Principales Techniques Pour Améliorer Le Degré De Fiabilité D'une Recherche Qualitative Selon Miles,
Huberman et Saldana (2013)
V. La Validité Externe De La
Recherche
1. Définition et Généralités
La validité externe d’une recherche examine les possibilités et les conditions de généralisation et de réappropriation des
résultats d’une recherche. Le test ou préoccupation de validité externe d’une recherche est double et correspond à une
progression logique en deux temps dans l’appréciation de la validité d’une recherche: le chercheur doit tout d’abord
examiner dans quelle mesure les résultats mis en évidence sur un échantillon peuvent être généralisés à l’ensemble de la
population mère (supposée avoir été étudiée à travers l’échantillon constitué pour la recherche ainsi menée); c’est seulement
dans un second temps que le chercheur pourra évaluer dans quelle mesure ces résultats pourront être transférés ou
réappropriés pour l’étude et la connaissance d’autres terrains, parfois appelés «univers parents » (Passeron, 1991).

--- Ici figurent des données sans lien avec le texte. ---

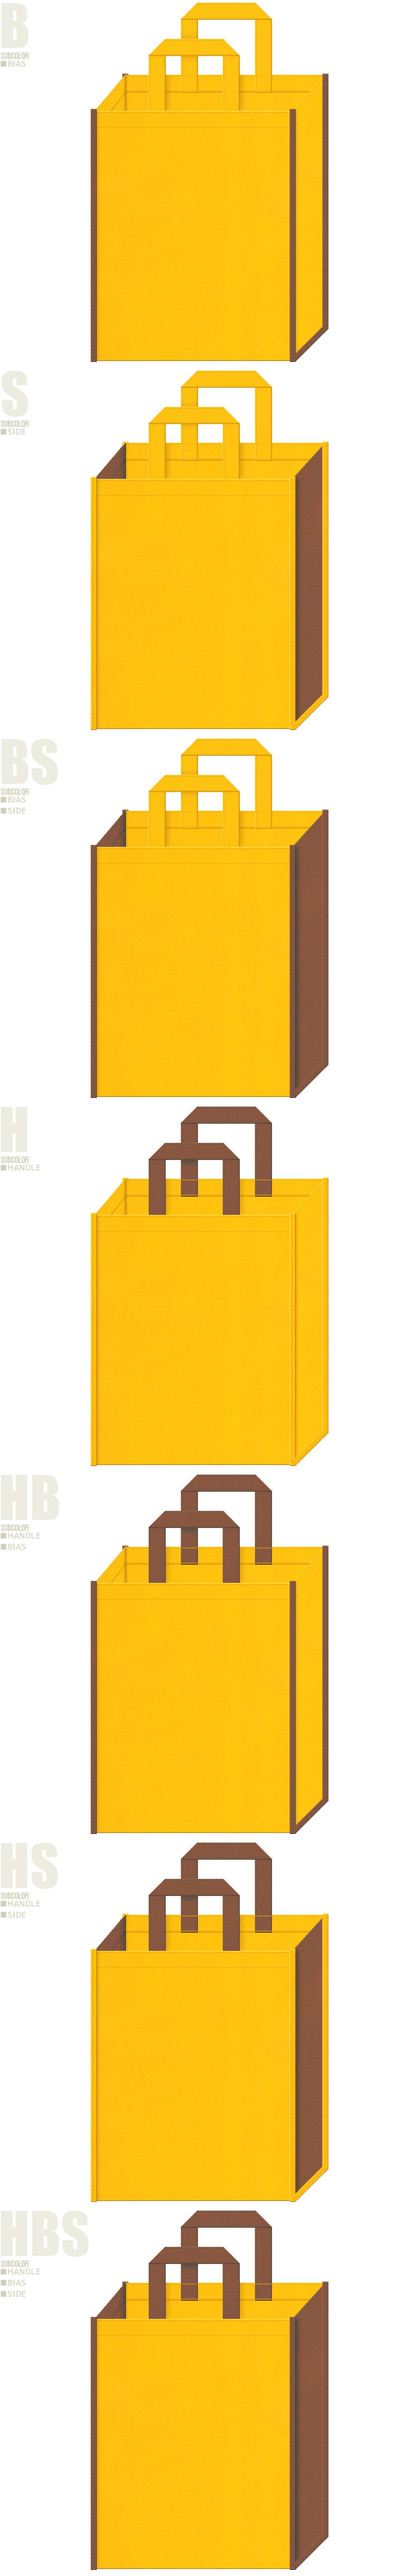 黄色と茶色、7パターンの不織布トートバッグ配色デザイン例。スイーツの保冷バッグノベルティにお奨めです。ロールケーキ・カステラ・スイートポテト風。

La seconde préoccupation de transférabilité des résultats concerne soit les recherches qui évaluent l’extension de la
recherche sur d’autres terrains, soit encore les chercheurs qui importent d’un domaine différent de celui qu’ils étudient, des
résultats pour alimenter leur propre démarche d’étude. Dans ces deux situations, le chercheur doit porter attention au
problème éventuel de la dépendance contextuelle des résultats d’une recherche. L’idée de dépendance contextuelle
consiste à déterminer si un résultat mis en évidence sur un terrain est dépendant de la ou des variables étudiées ou s’il
dépend aussi d’autres caractéristiques propres à ce terrain étudié. Dans ce dernier cas, il y a ancrage (ou contextualisation)

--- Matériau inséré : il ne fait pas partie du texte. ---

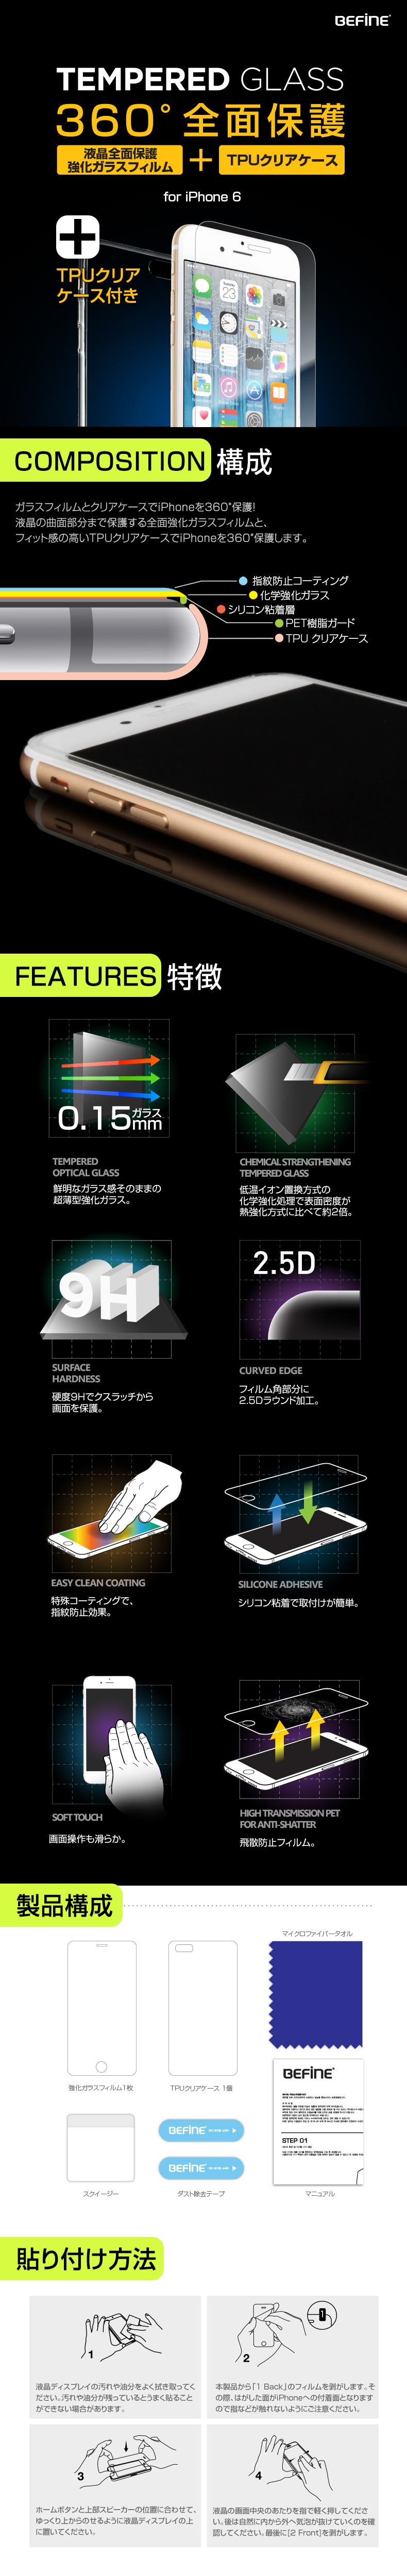 商品詳細-iPhone6 フィルム専用ケース

culturel, historique, social… plus ou moins fort des résultats au terrain. Ce fait n’est pas gênant en tant que tel mais doit être
pris en compte pour déterminer les possibilités ou conditions de transférabilité de résultats vers d’autres terrains ne
présentant pas obligatoirement les mêmes caractéristiques contextuelles. Koenig (2005) utilise deux démarches pour
s’assurer de la transférabilité des résultats. La première consiste à avoir recours à des spécialistes dont l’expertise du
domaine permet de renforcer la confiance dans les possibilités de transposition des résultats. Il montre notamment que si
aucun expert n’est capable de mentionner de ces contradictoire qui autoriserait une réfutation, alors il est possible de
généraliser ses résultats à l’ensemble des entreprises possédant les mêmes caractéristiques. La seconde démarche consiste à
comparer les résultats obtenus avec des études antérieures.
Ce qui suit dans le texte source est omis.